Existing benchmarks test isolated skills like a single SQL query or a standalone coding task. Real data work is harder and more diverse: it spans querying, DB operations, debugging, multi-turn interaction, multi-modal querying, data science, and more aspects.

The Data Intelligence Index is our attempt to measure this comprehensively. It brings together tests across a broad range of data-centric capabilities, covering database querying, BI analysis and manipulation, application debugging, human-centric interaction, data science, SQL optimization, computer-use, and more.

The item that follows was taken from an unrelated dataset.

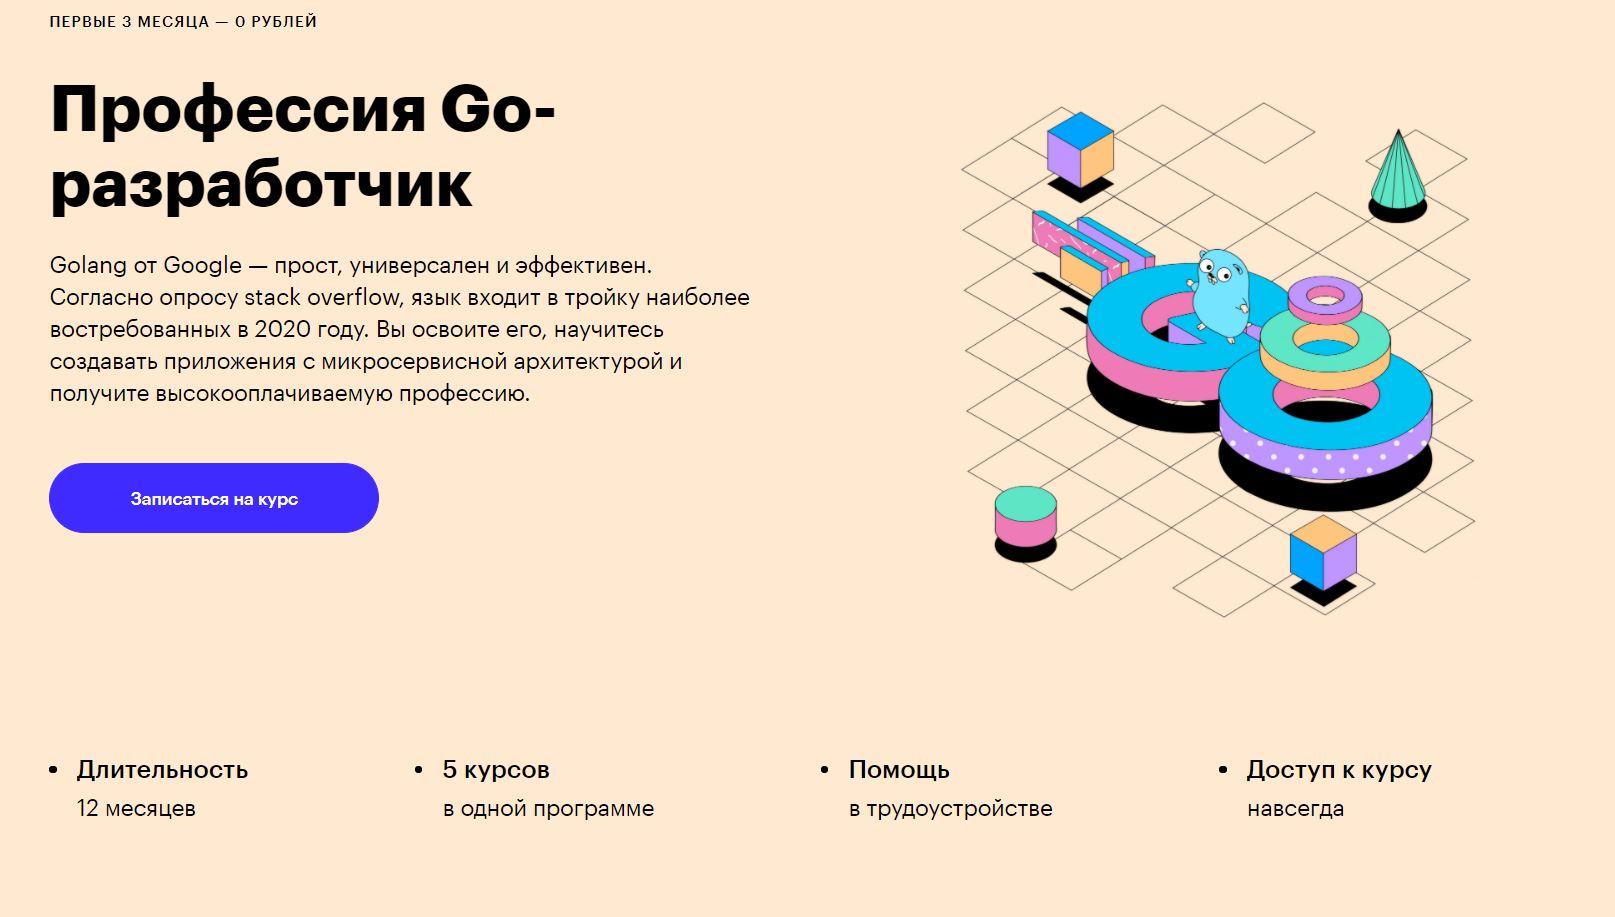 профессия Go-разработчик

See the aspect details below.

What Data Intelligence Aspects We Evaluate

DB Querying Mini-Dev (multi-dialect)

This aspect measures foundational database querying: translating natural-language questions into correct SQL over real-world database schemas. Mini-Dev (multi-dialect) evaluates this ability across PostgreSQL, MySQL, and SQLite.

BI Analysis & Data Manipulation LiveSQLBench

This aspect measures BI analysis and database manipulation beyond standard SELECT queries, including UPDATE, CREATE, and DELETE workflows grounded in business logic documents. LiveSQLBench evaluates this capability with periodically updated, contamination-resistant tasks.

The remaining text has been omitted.